**** Supplied material ****

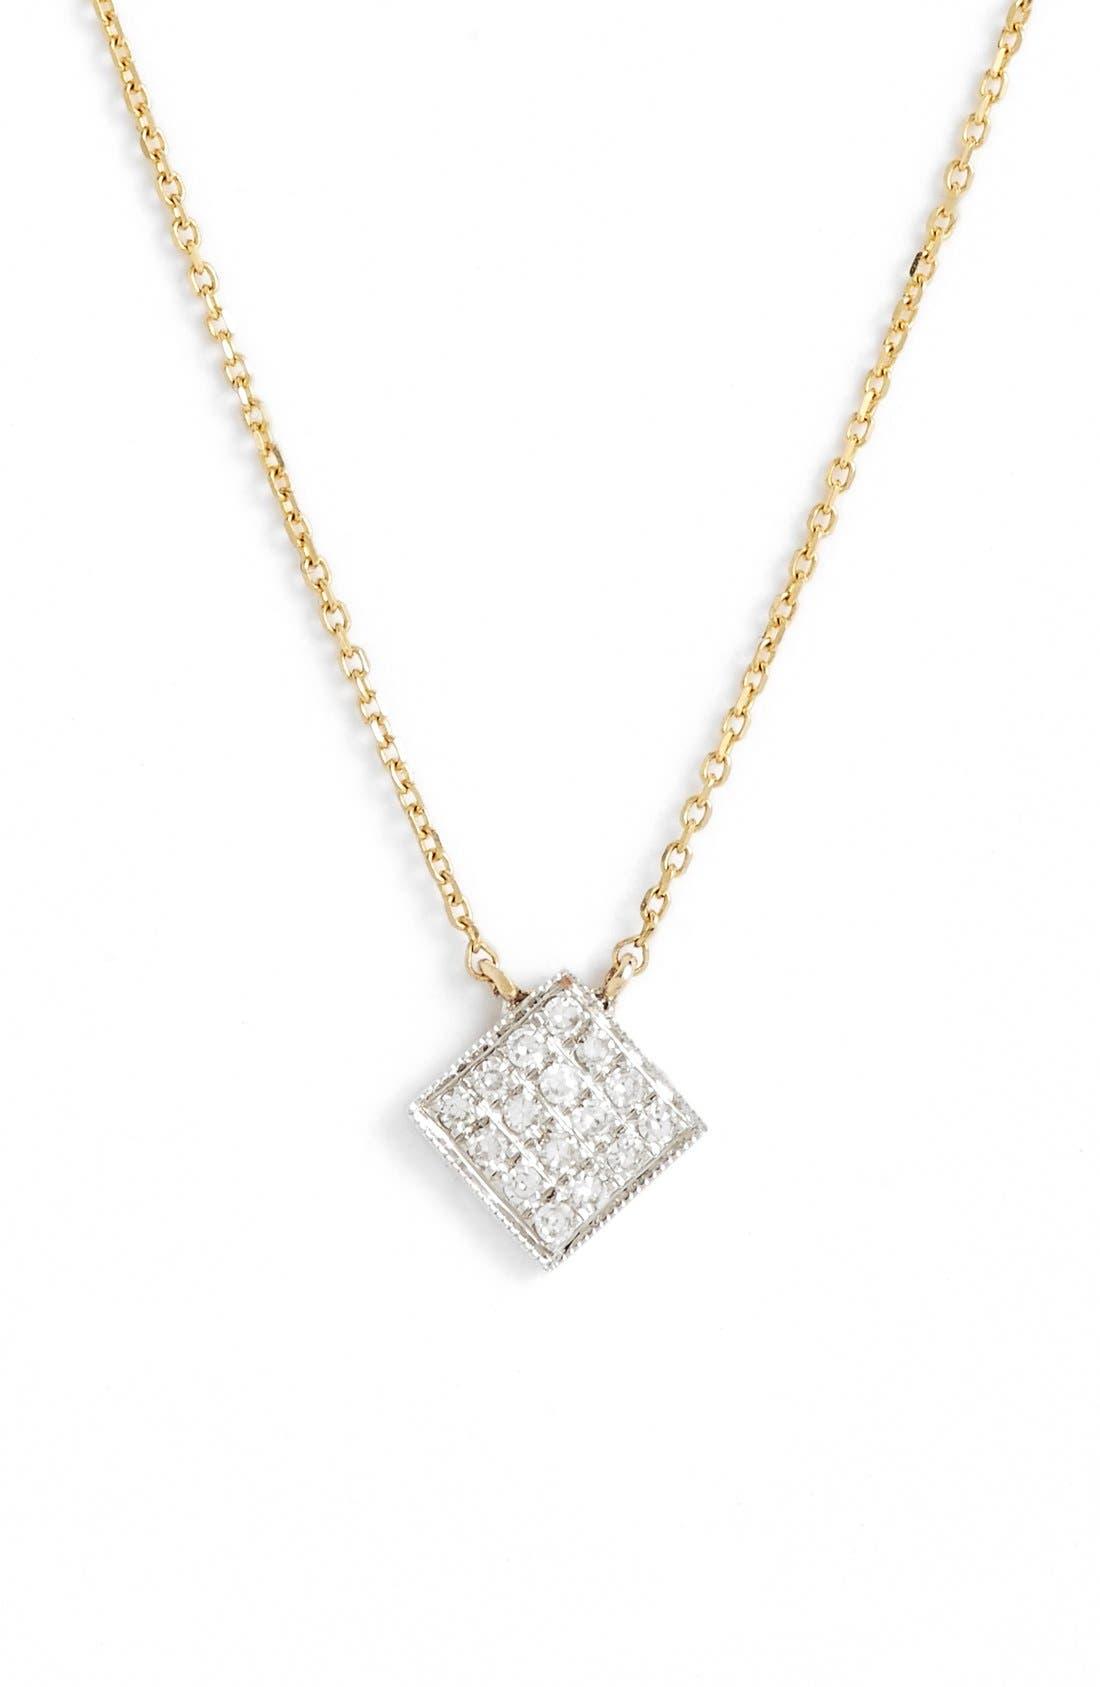 Main Image - Dana Rebecca Designs 'Lisa Michelle' Diamond Pavé Square Pendant Necklace (Nordstrom Exclusive)
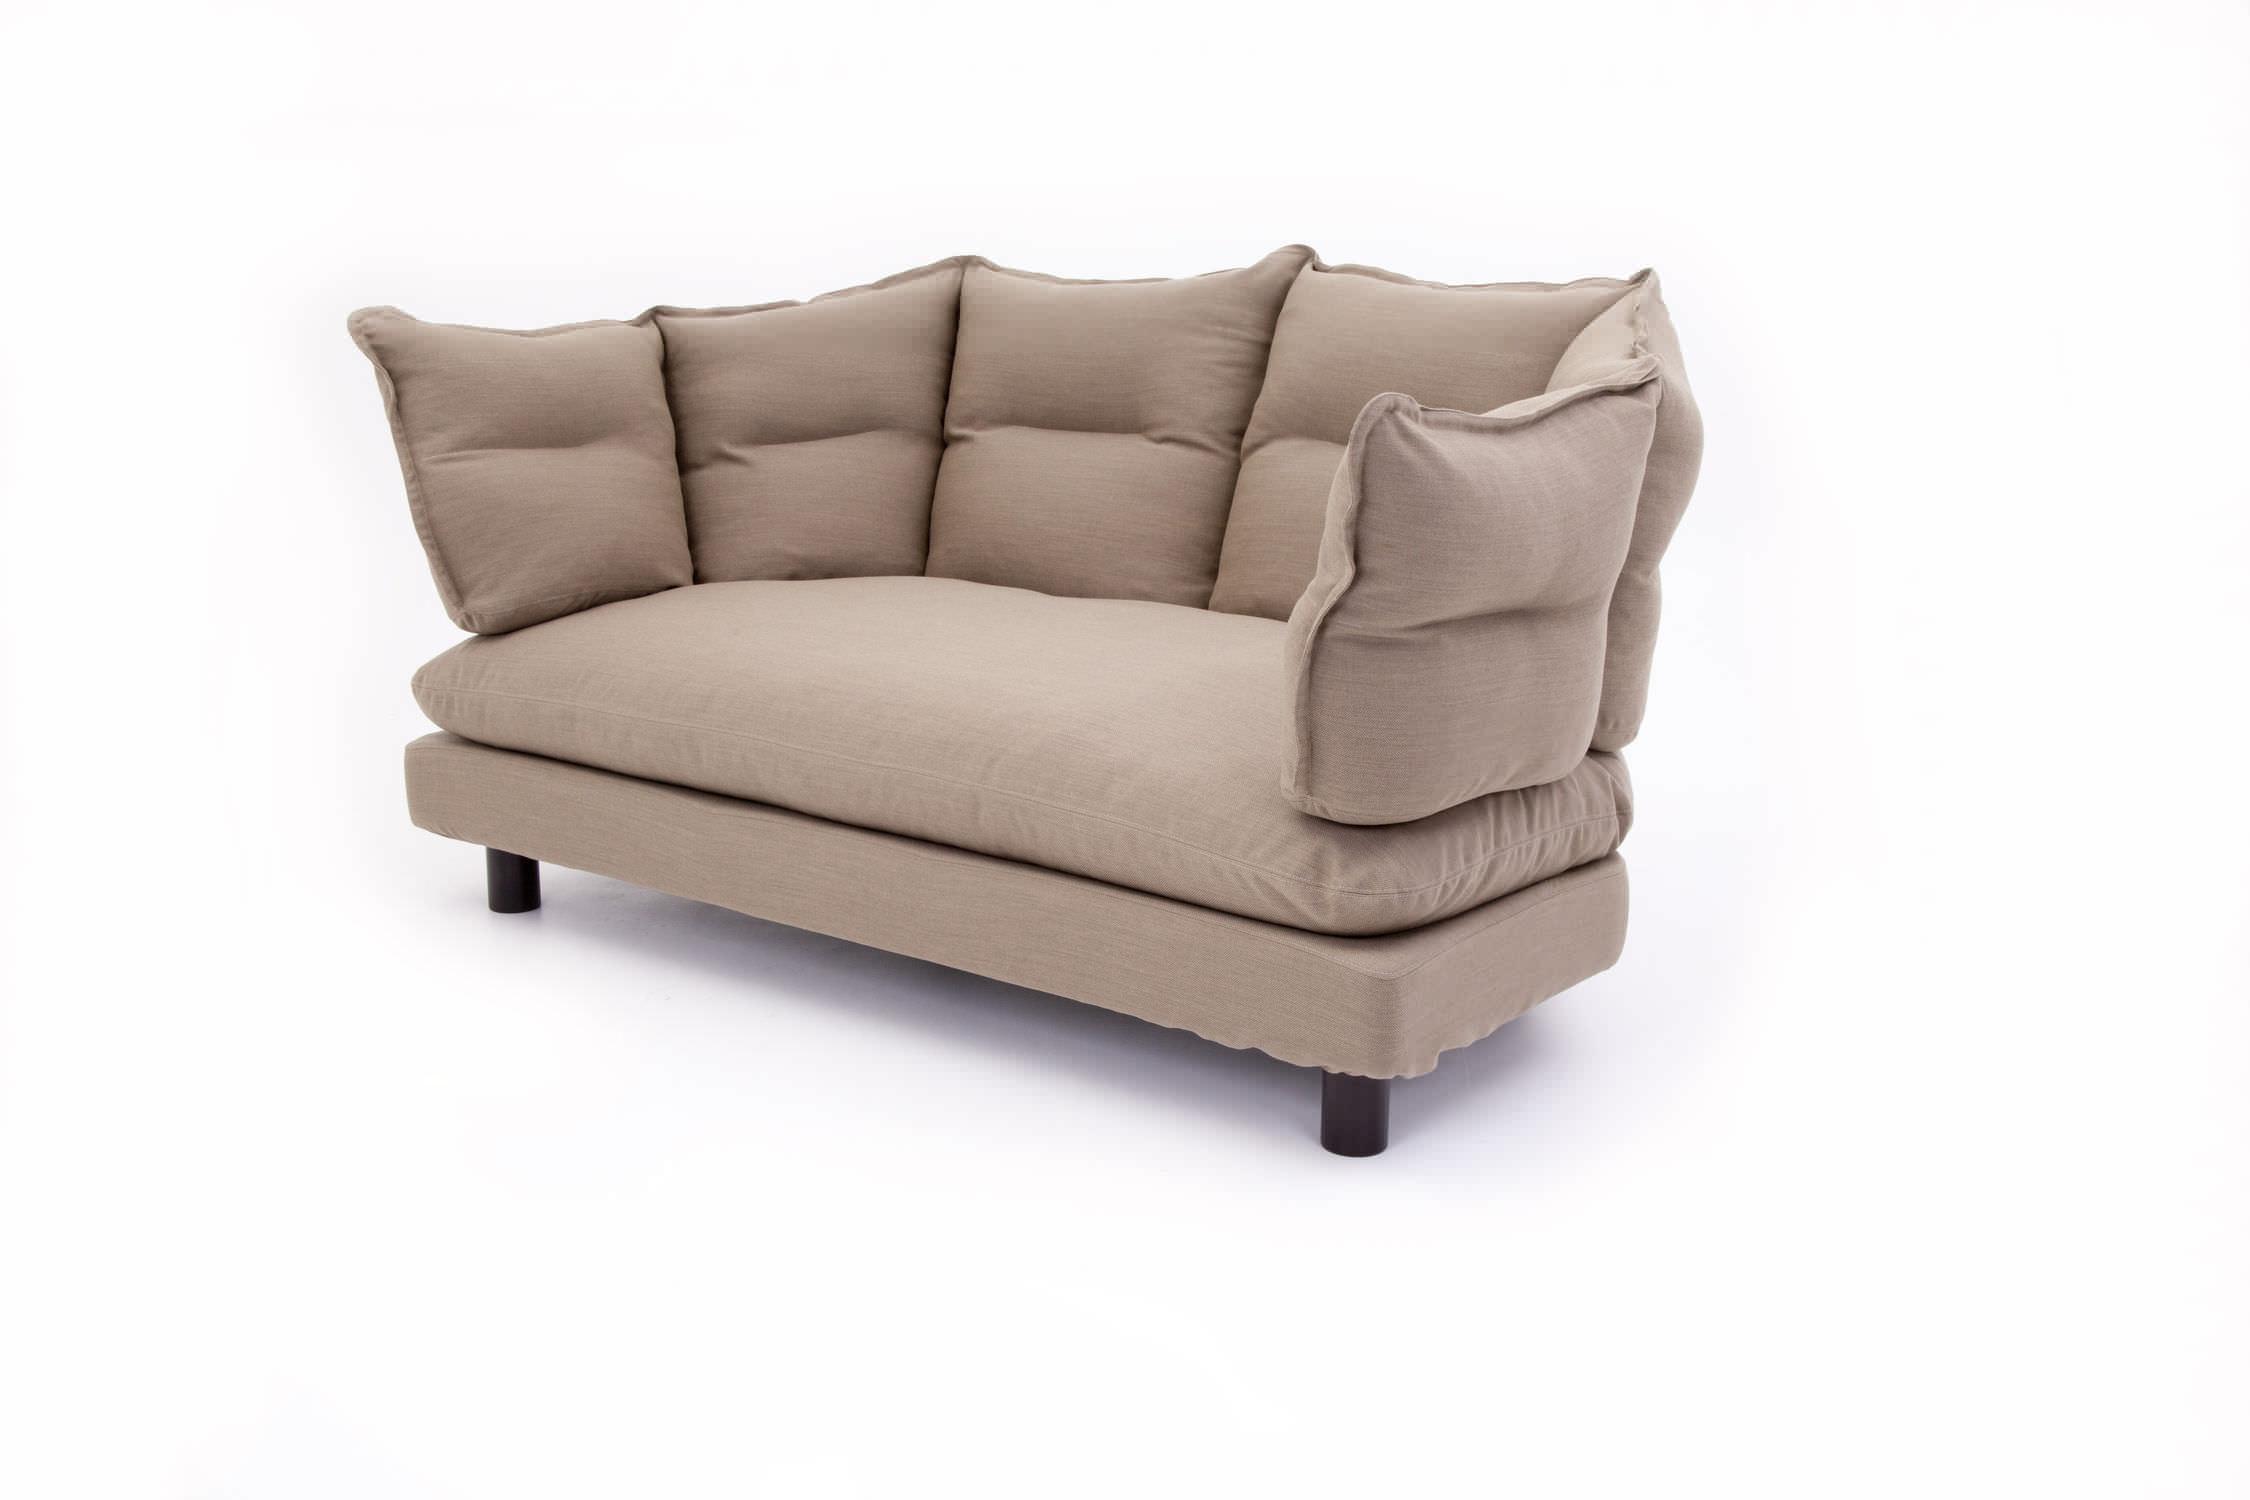 contemporary sofa / fabric / by inga sempe / 3-seater - enveloppe, Hause deko
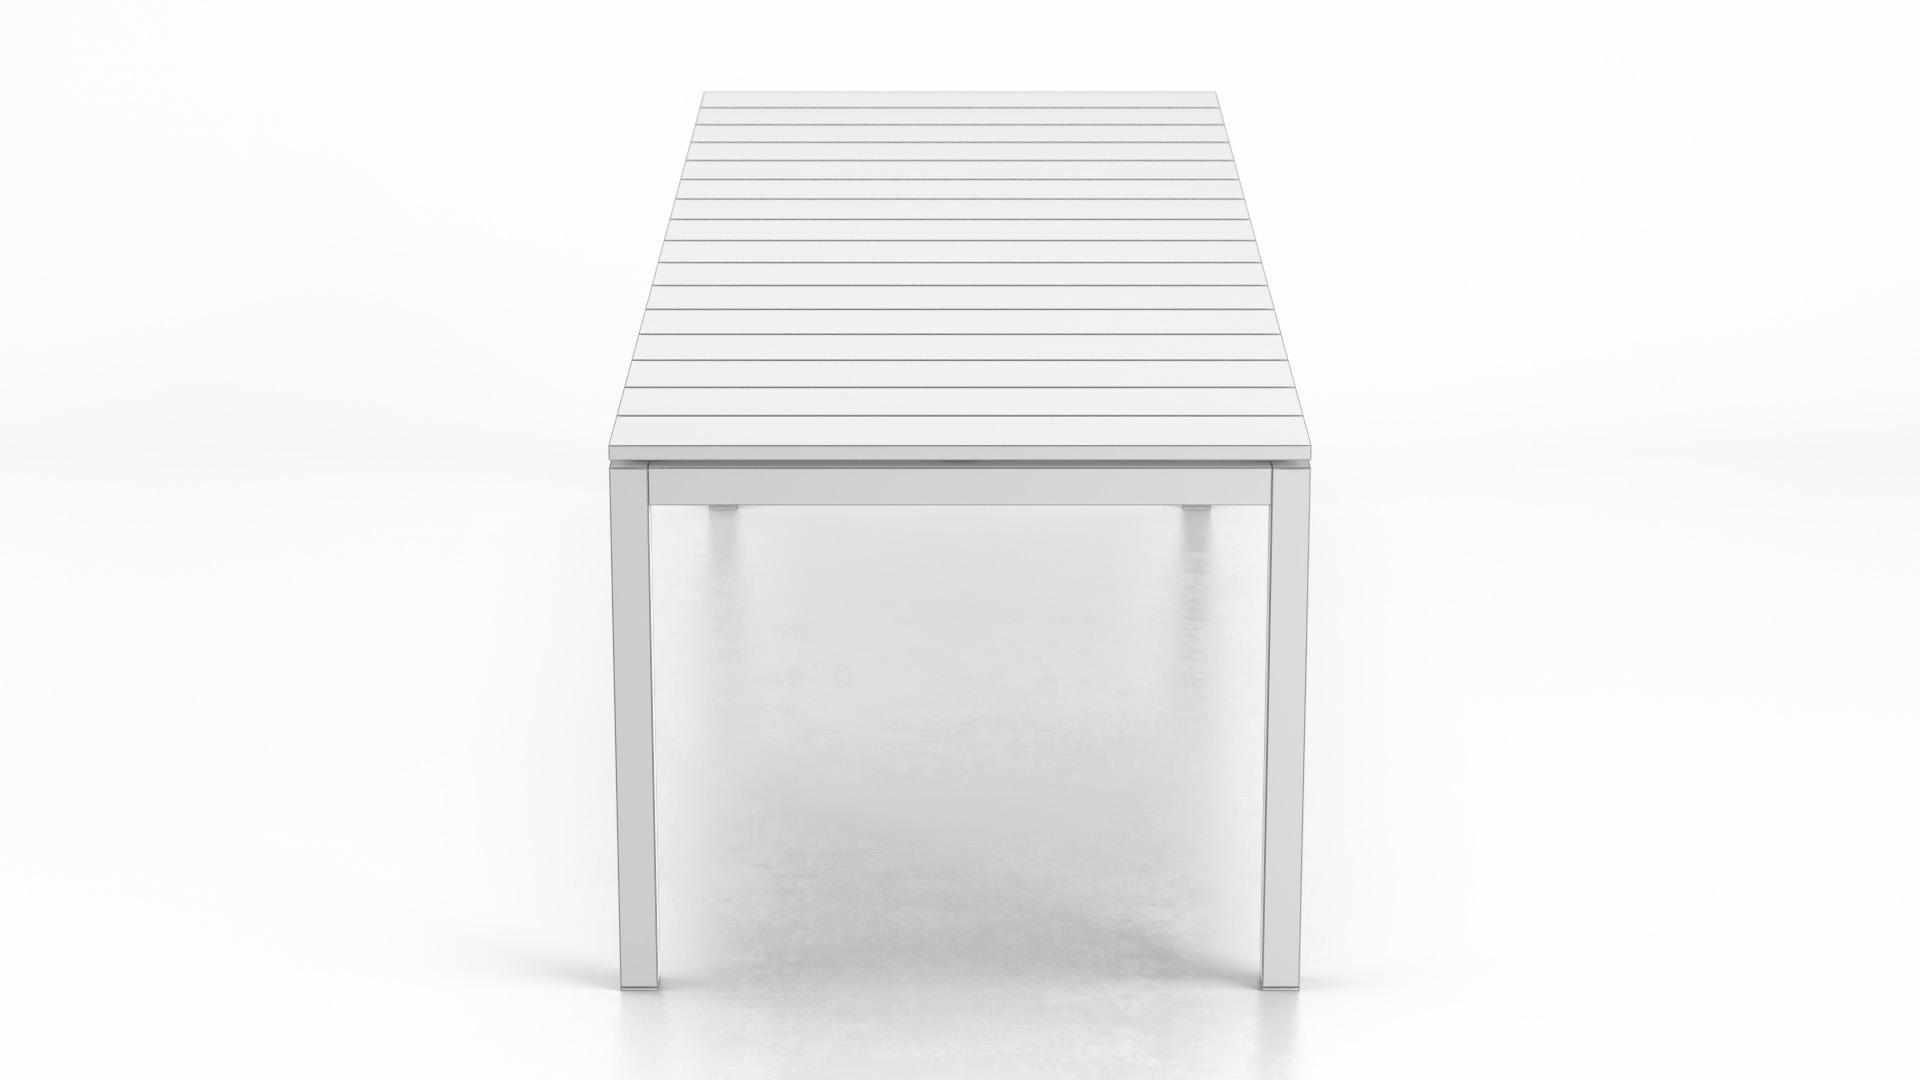 Tribu_NatalTechno_Table_WhiteSet_01_wire_0005
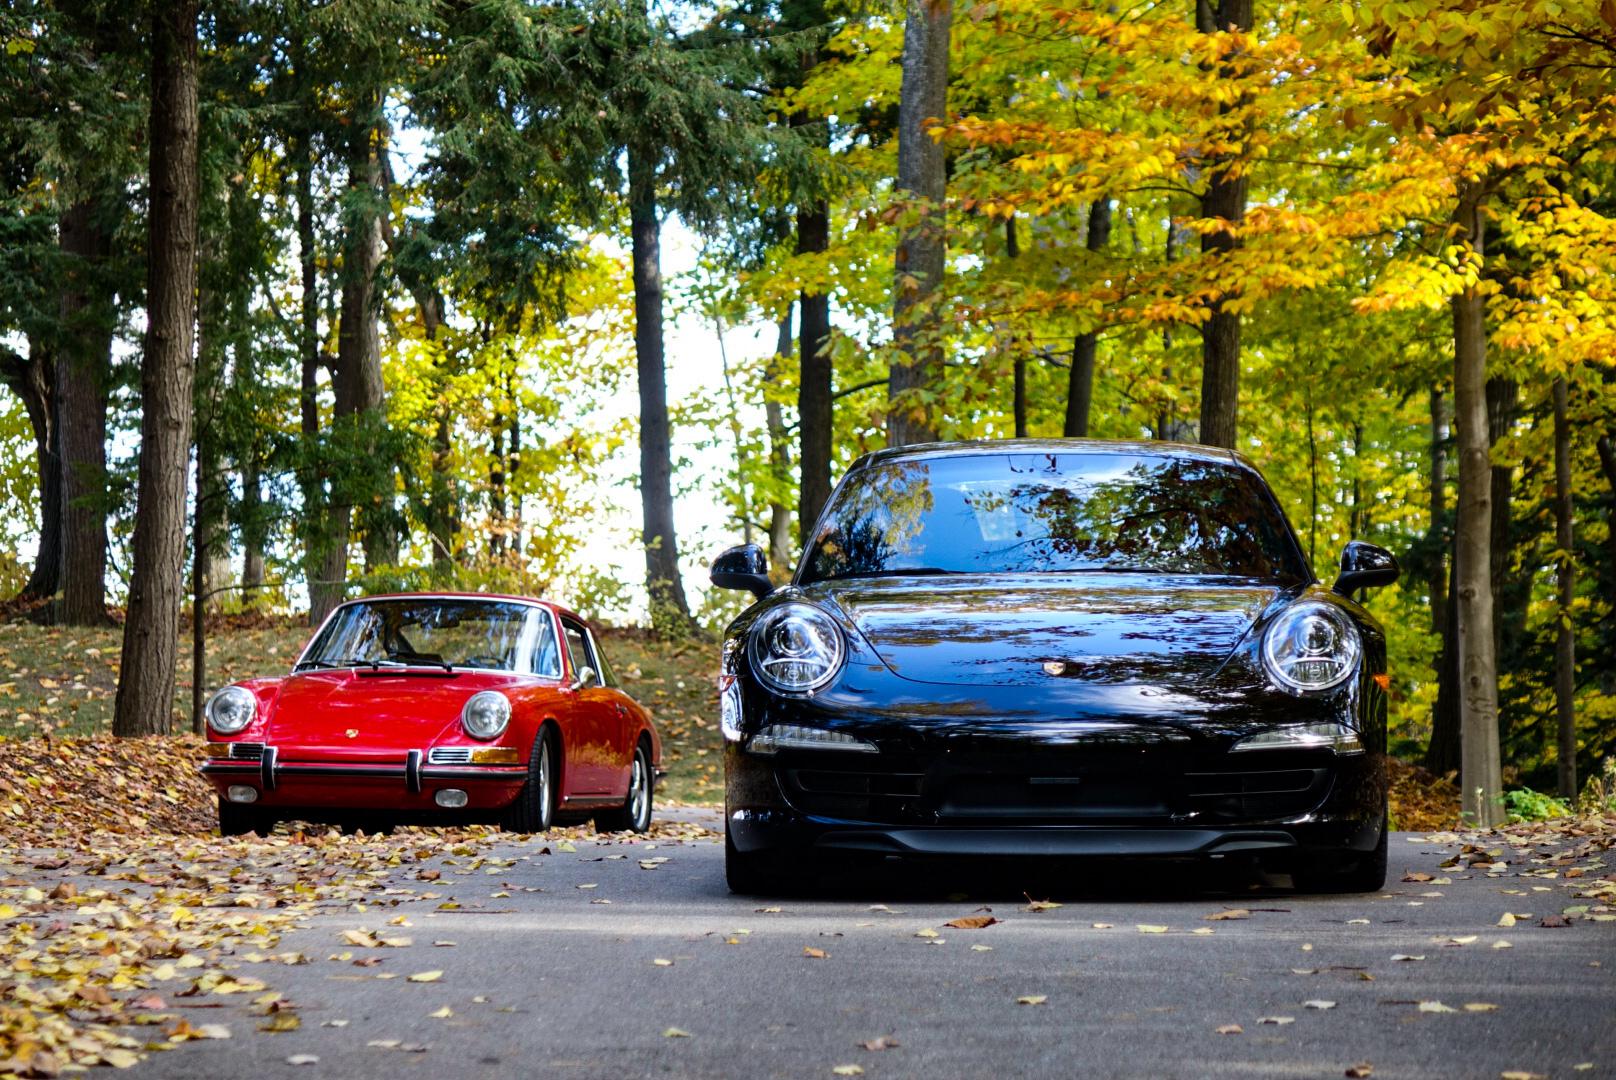 1967 Porsche 911S and 2013 Porsche 911 Carrera 4S front
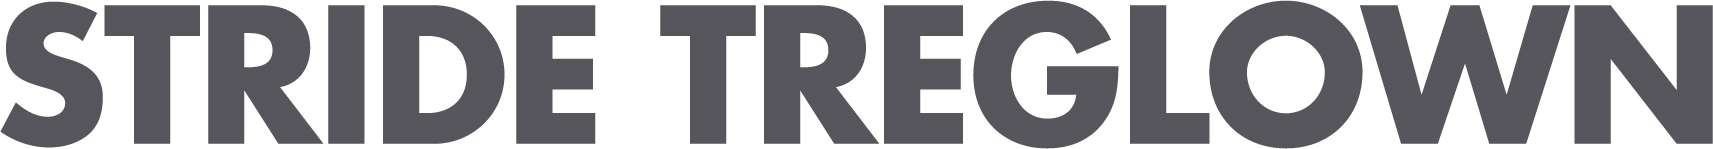 Stride_Treglown_Logo_new.jpg

****

◆ Directions for this task ◆
Would it be possible to print the records above verbatim, pictures omitted?

◆ Written response ◆
 Main Image - Dana Rebecca Designs 'Lisa Michelle' Diamond Pavé Square Pendant Necklace (Nordstrom Exclusive)
 contemporary sofa / fabric / by inga sempe / 3-seater - enveloppe, Hause deko
 Tribu_NatalTechno_Table_WhiteSet_01_wire_0005
 1967 Porsche 911S and 2013 Porsche 911 Carrera 4S front
 Stride_Treglown_Logo_new.jpg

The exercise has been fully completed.